Культура большинства и кинематограф
Первое десятилетие ХХ века в Российской империи. С недавних пор жизнь крупных городов серьезно изменилась: кинематограф, — нечто вроде ярмарочного трюка, научного курьеза, кунштюка, — привлекает всеобщие взоры. Опустошая театры и филармонии, подрывая спрос на беллетристику, он триумфально завоевывает публику («тучнеют пустынные кладбища», — пишет Серафимович о ситуации, в которой оказались издатели и книготорговцы [4, с. 35]). Разномастная толпа стремится в синема, словно именно кинематограф является утверждением духа массовости, пиком его выражения [5, с. 87]. Кинематограф чрезвычайно демократичен, его невозможно связать с каким-то определенным классом или сегментом общества: «Собираются, чтобы встретить знакомых — все, все: аристократы и демократы, солдаты, студенты, рабочие, курсистки, поэты и проститутки. Он — точка единения людей, разочарованных в возможности литературного, любовного единения. Приходят усталые, одинокие, и вдруг соединяются в созерцании жизни, видят, как она многообразна, прекрасна, и уходят, обменявшись друг с другом взглядом случайной, а потому и более ценной, солидарности: эта солидарность не вытекает из чего-либо предвзятого, а из сущности человеческой натуры» [4, с. 27] — А. Белый одним из первых смог различить в отвергнутом интеллектуалами виде досуга особые черты. Действительно, кинематограф затронул подлинное в массовой душе, угадал, а позднее — воспитал нового зрителя-сотворца, сформировал новый художественный язык. Кинематограф поставил перед зрителем зеркало, в котором узнавала себя многомиллионная аудитория, он определил пространство, внутри которого стало возможным возникновение новой культуры [7, с. 4]. Пространство это было сформировано великими переменами, которые переживала европейская цивилизация в конце XIX — начале ХХ века.

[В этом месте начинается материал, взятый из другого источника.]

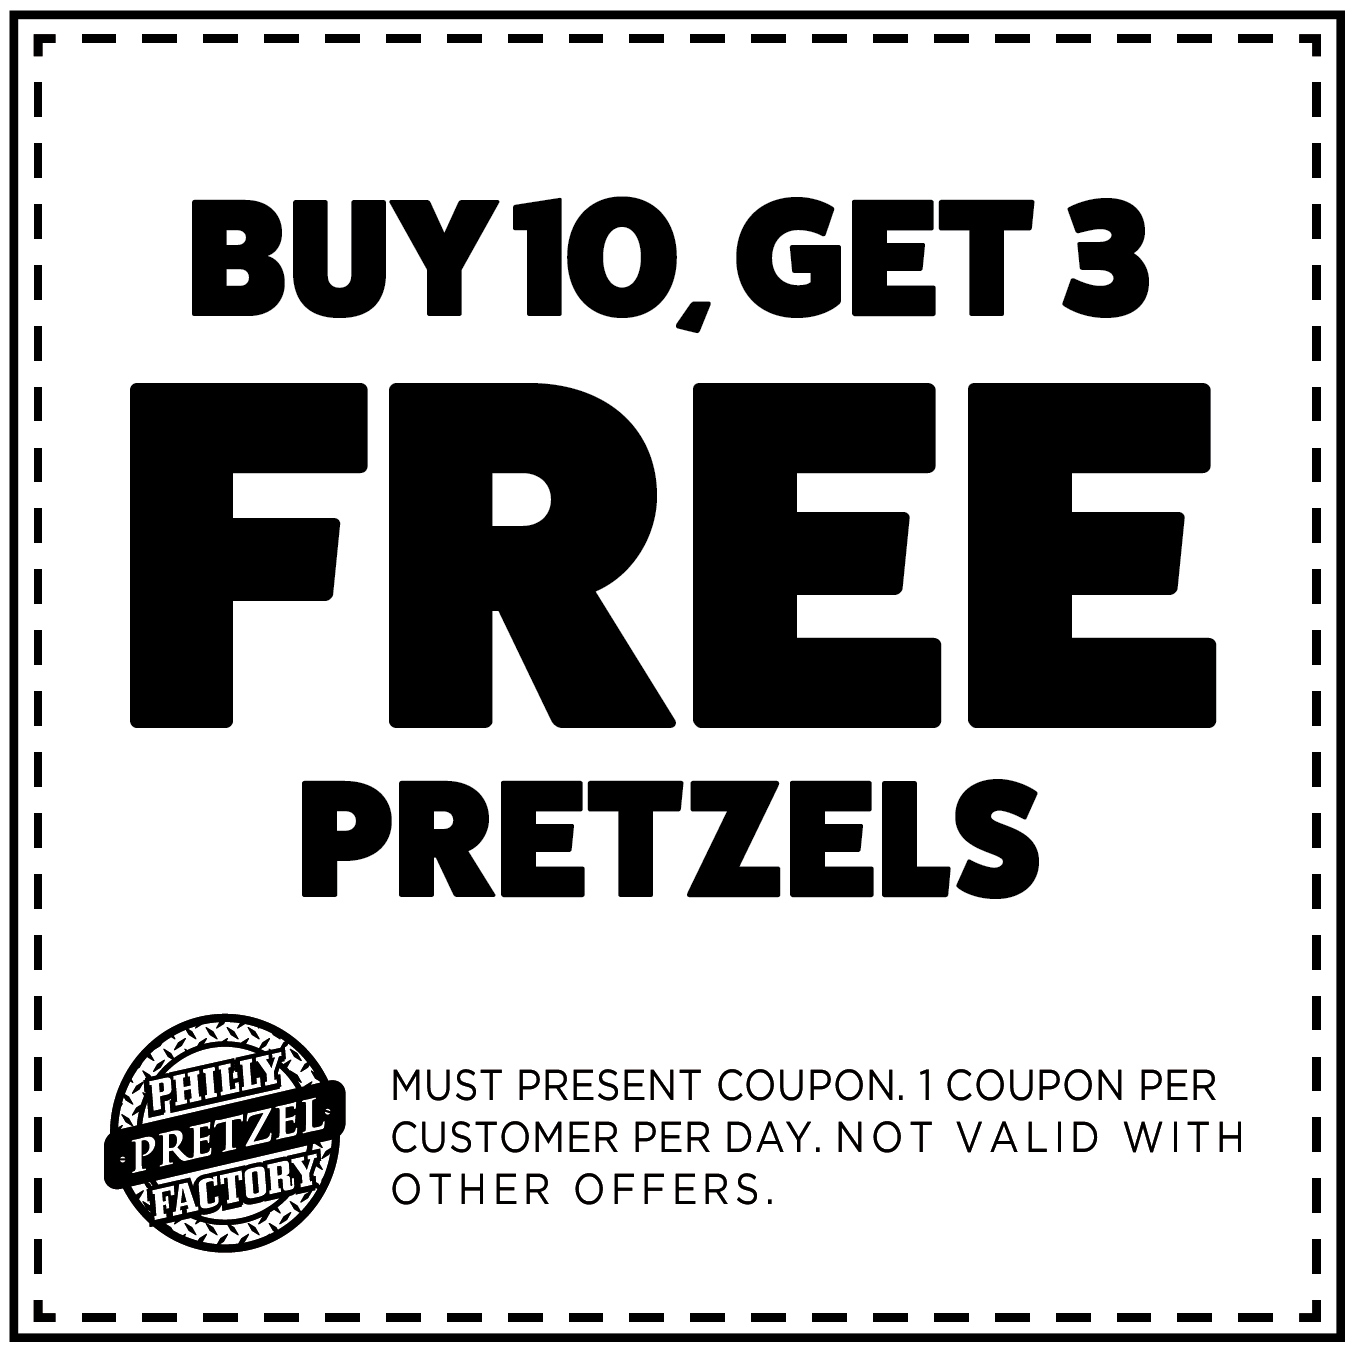 Buy 10, Get 3 Free Pretzels

Названный Великой индустриальной революцией, переход от ручного труда к машинному повлек за собой быстрый экономический рост, резкое повышение производительности труда, увеличение уровня жизни населения, утверждение капитализма в качестве господствующей мировой системы хозяйства и изменение всей структуры общества. «Оно надвигается отовсюду бес-
пощадно, и в такие области, что немеешь, и порой... страшно становится» [4, с. 36], — писал о «машинном» Александр Серафимович. «Но что же страшного, что башмаки шьются не дратвой и шилом, спокойно и медленно, а гремит машина, торопливо и нервно выбрасывая пару за парой? Механическое производство обуви выкинуло из изб тысячи кустарей. Что страшного в том, что механические машины выбрасывают тысячи аршин узорчатой материи? Поля Индии бесконечно забелели костями индусов, работавших вручную.». Далее писатель с тревогой обращается к первому машинному искусству — кинематографу, надвигающемуся, «как могучий завоеватель»: чего нам ждать? Статья эта напечатана в 1912 году в «Сине-фоно» — лучшем в дореволюционной российской кинопериодике «Журнале синематографии, говорящих машин и фотографии» — и отражает смущение интеллигенции перед новым временем.
Перемены в обществе действительно происходили фундаментальные: социальные связи, зоны влияния и границы социальных групп, формировавшиеся веками, рушились, словно при землетрясении. Элиты стремительно теряли свой статус. Поведение неструктурированной человеческой массы носило дезорганизованный, стихийный характер. Подобные перемены ранее всегда шли рука об руку с войнами и революциями, но в данном случае все происходило без видимых причин.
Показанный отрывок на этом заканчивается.